-- Data segment --
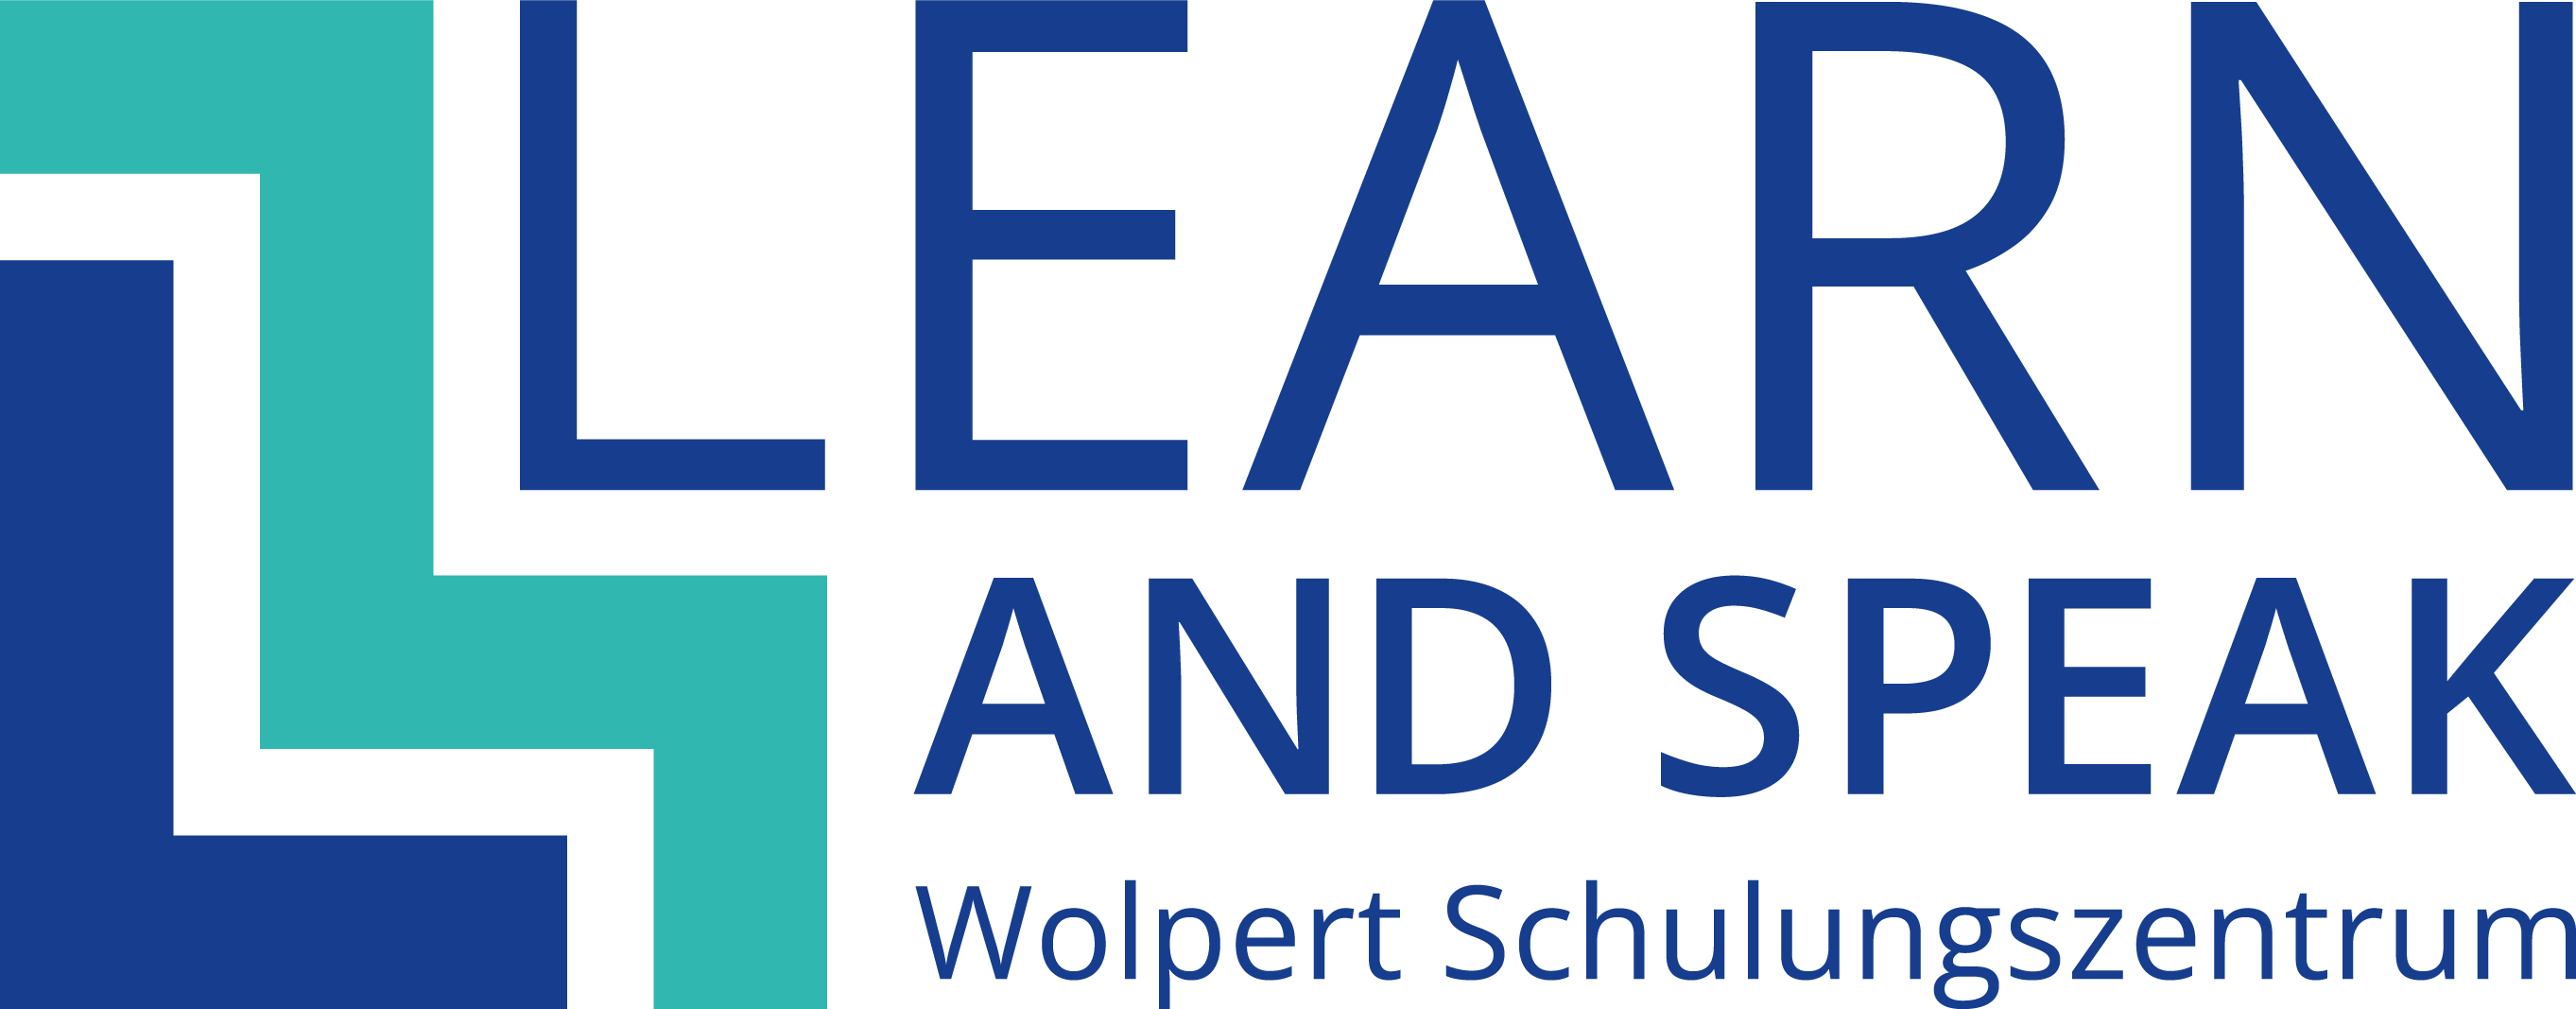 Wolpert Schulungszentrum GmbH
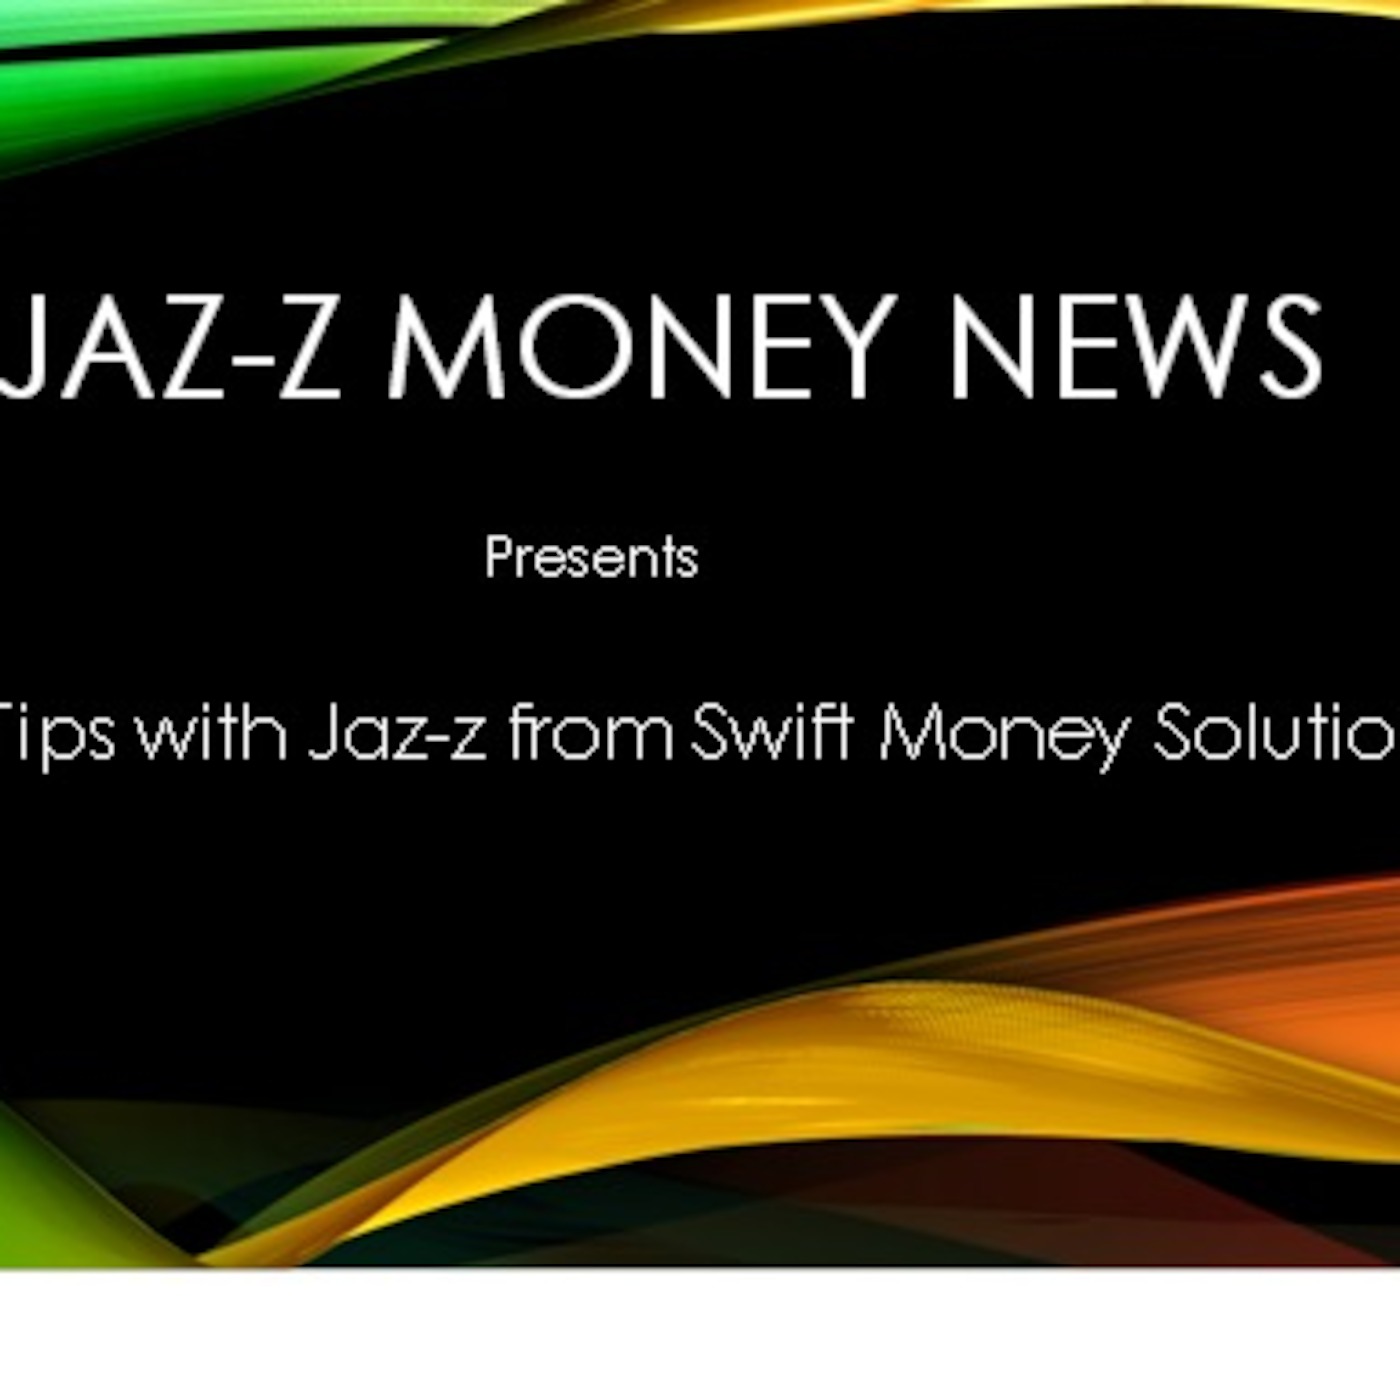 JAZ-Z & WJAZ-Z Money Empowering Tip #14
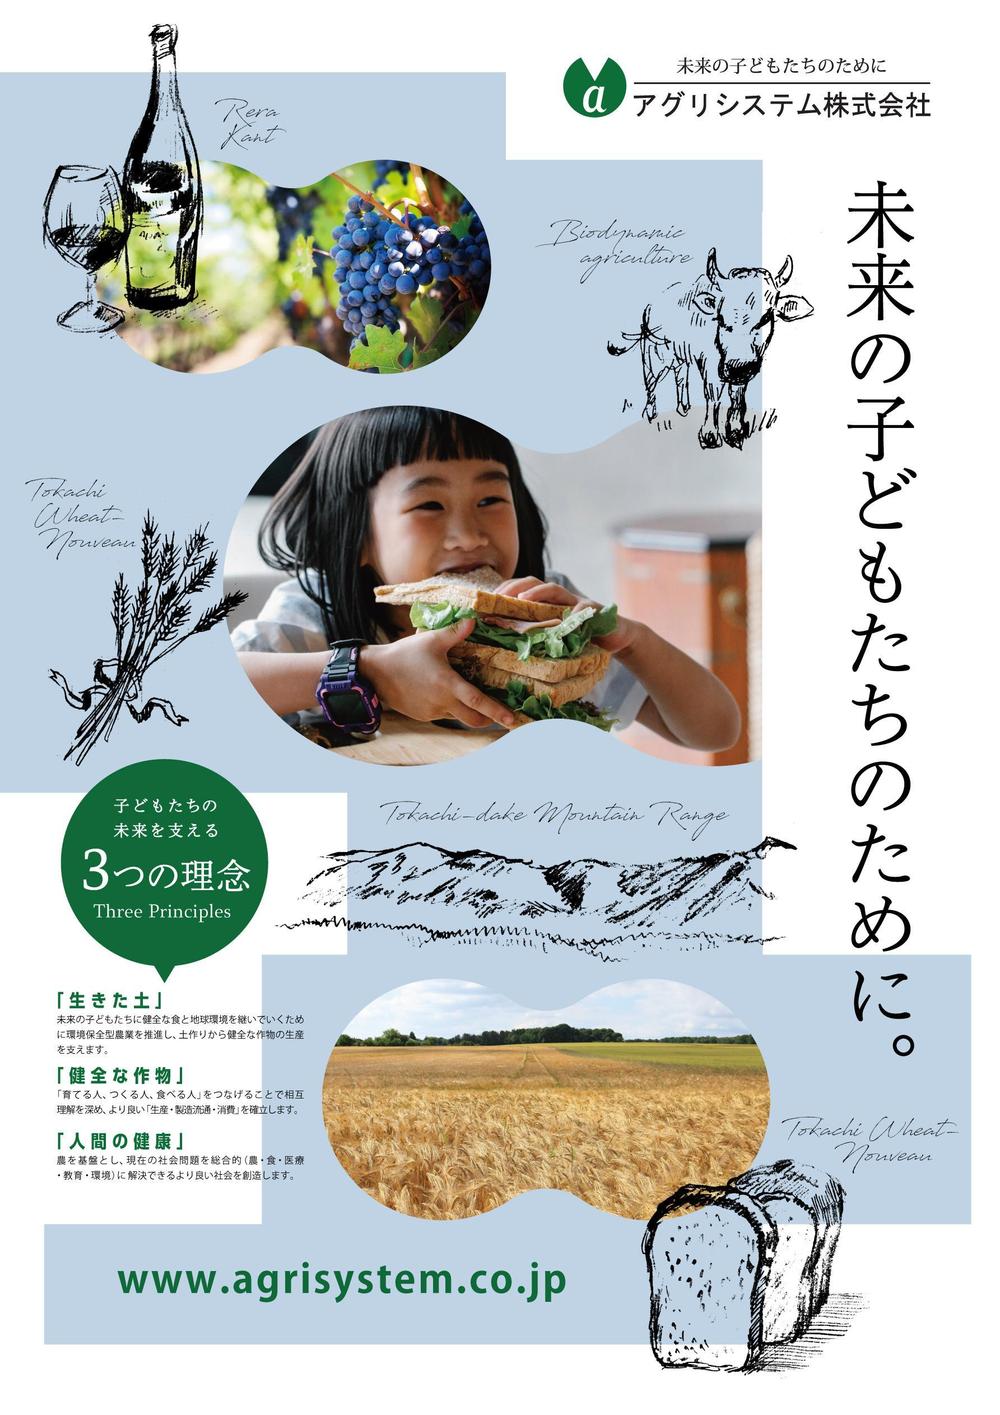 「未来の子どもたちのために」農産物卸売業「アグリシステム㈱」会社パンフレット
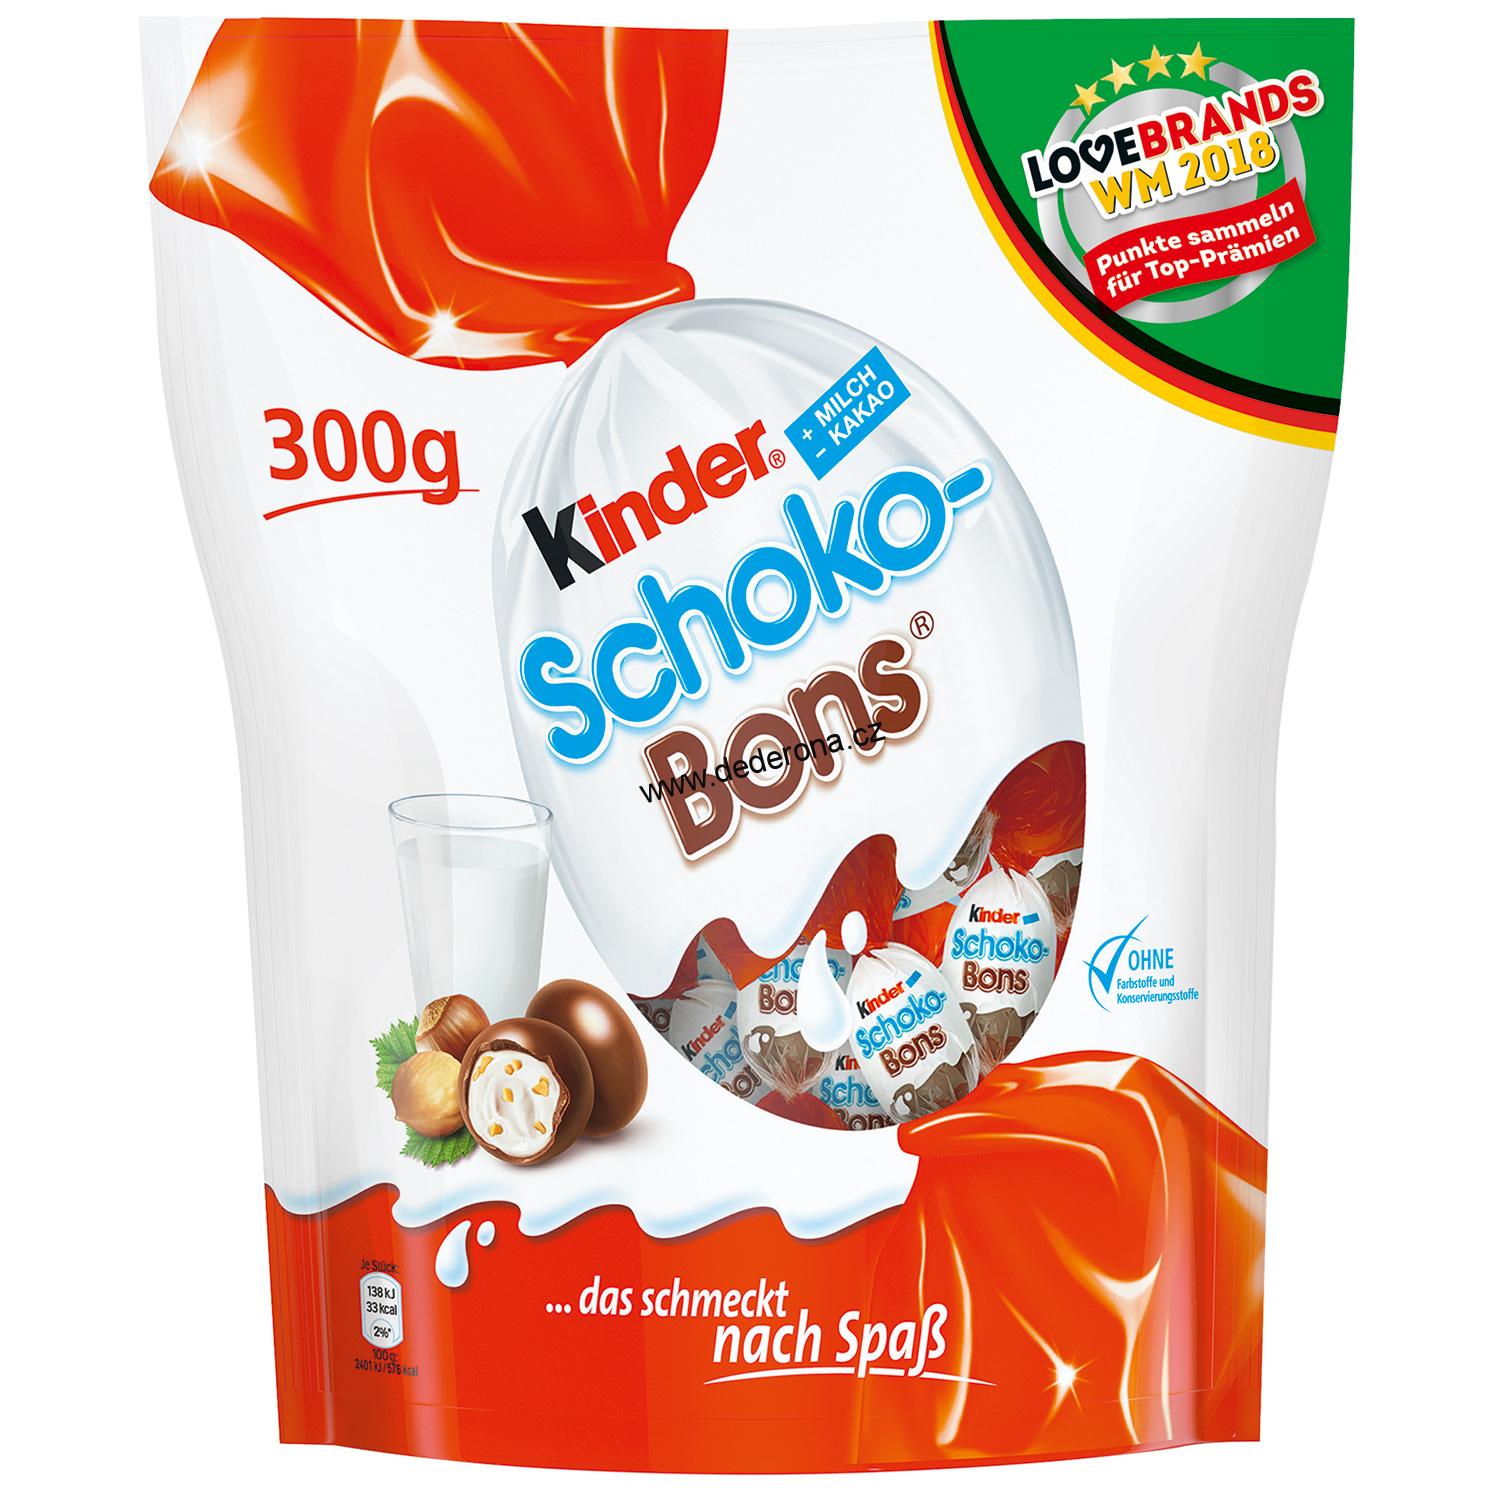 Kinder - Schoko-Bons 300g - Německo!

-- Problem to work on --
Your answer should contain all the material above, written out exactly, and none of the pictures.

-- Response box --
 Wolpert Schulungszentrum GmbH
 JAZ-Z & WJAZ-Z Money Empowering Tip #14
 「未来の子どもたちのために」農産物卸売業「アグリシステム㈱」会社パンフレット
 Kinder - Schoko-Bons 300g - Německo!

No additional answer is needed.